Firstly determine the new size for the leadlight from the frame you want to put it in, remember you are working backwards here so double check your measurements. The frame could either be wood or aluminium so use the correct measurements for whatever outside lead you will be using for the replacement. Once you've determined what outside lead you will be using, measure where the CUT LINE for the new lead is (see Lesson 2) and with your longest ruler, draw a line on the face side with your cartoon pen where you will eventually cut the glass (but not yet) to put the new outside leads on. Repeat this on all 4 sides - it can also be done on a circle. If it is a traditional design, you'll need to measure so that everything is centred. If it isn't a traditional design, you may be able to just cut it down on 2 sides, which will make it easier.
Next with your ruler, cut the glass on the line you've drawn only along one edge, cutting up to and inside the existing internal leads, on the face side only. Move the leadlight to the edge of the bench so that where you've cut the glass, it's lining up along the bench. Then with one hand holding the leadlight firmly on the bench, start separating each piece as you go along one side of the leadlight with your free hand by bending gently downwards only. It shouldn't be too difficult if you've made a good score line and you won't have to bend it too far before separation begins, so stop bending the moment you see it happen. Repeat these steps on each edge, one at a time.
Now your leadlight is 'cut through' on all edges but still being held together by the leads. Again, whatever lead you want to use, measure in from the line you've drawn on the glass and is now cut, the amount the new lead will be overhanging the glass from the cut line on the glass to where this new lead will butt against the internal leads. Measure a fraction smaller to ensure a close fit when you install the new lead. (Remember when building a new leadlight the first piece fits under the leaves of the outside lead - the same thing is happening here only in reverse.) Then with your ruler, draw this line only on the face side, marking both the glass and the leads so you know where to cut through on the leads. You have to mark the lead on both sides, so when you come to mark the lead on the other side, you can see where to draw the line on the leads directly from the line you've drawn on the glass on the face side to get them identical. When cutting though the leads on both sides, if there are any internal leads that joined the outside lead at an acute angle, the drawn line will give you a reference for cutting parallel and minimising gaps.

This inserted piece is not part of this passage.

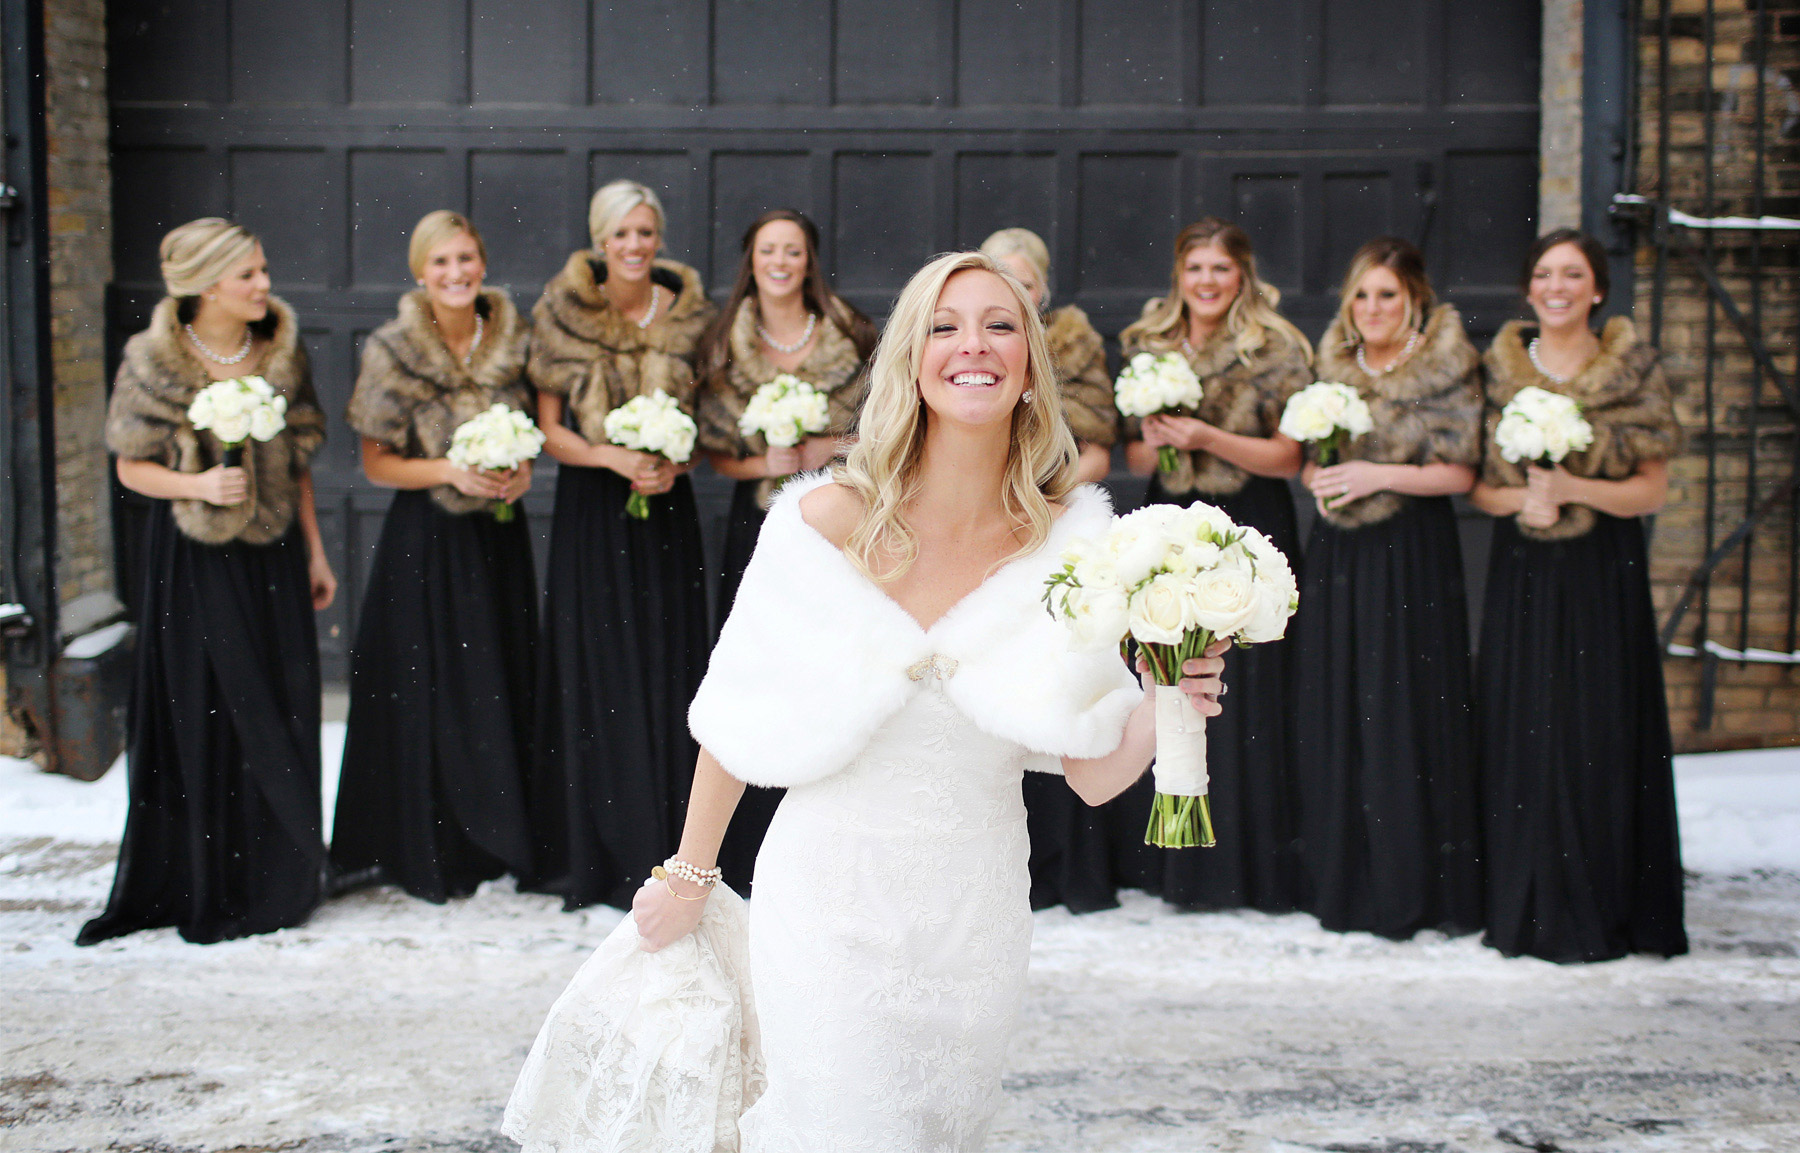 08-Minneapolis-Minnesota-Wedding-Photography-by-Vick-Photography-Downtown-Bridesmaids-Winter-Shawl-Caroline-and-J.jpg

Beginning on one side, carefully and gently cut down through all the leads with your lead knife until you feel it touch the glass. You can either cut through the leads on all of one side before turning the panel over to repeat the process or you can complete both sides one edge at a time. The next step is removing the cut down edges one side at a time. Again, move the leadlight to the edge of the bench with the cut glass lined up on the edge and carefully bend the sections to be removed down and up until it comes away from the leadlight. It is now only held by the hearts of the internal leads because you've already cut down to the glass so it won't need a lot of bending before it separates. Your first bend should be downwards as you've already separated the glass and you may find as you bend upwards there may be some splintering to the edges of the glass on the first bend upwards but it won't do any more damage than that - just be gentle as you work through it. As you bend back and forth, gently pulling at the same time the heart is being slightly stretched and it won't take too much effort before it separates.
Now the worry part is over and you only have to solder on the new outside leads and if you've measured and cut the internal leads correctly the new lead will butt nicely up against the internal leads for re soldering. Make sure you prepare the old leads properly by giving the surface a good scrape back to bare metal to make soldering easier. And there you have it!
The two fish leadlights go side by side.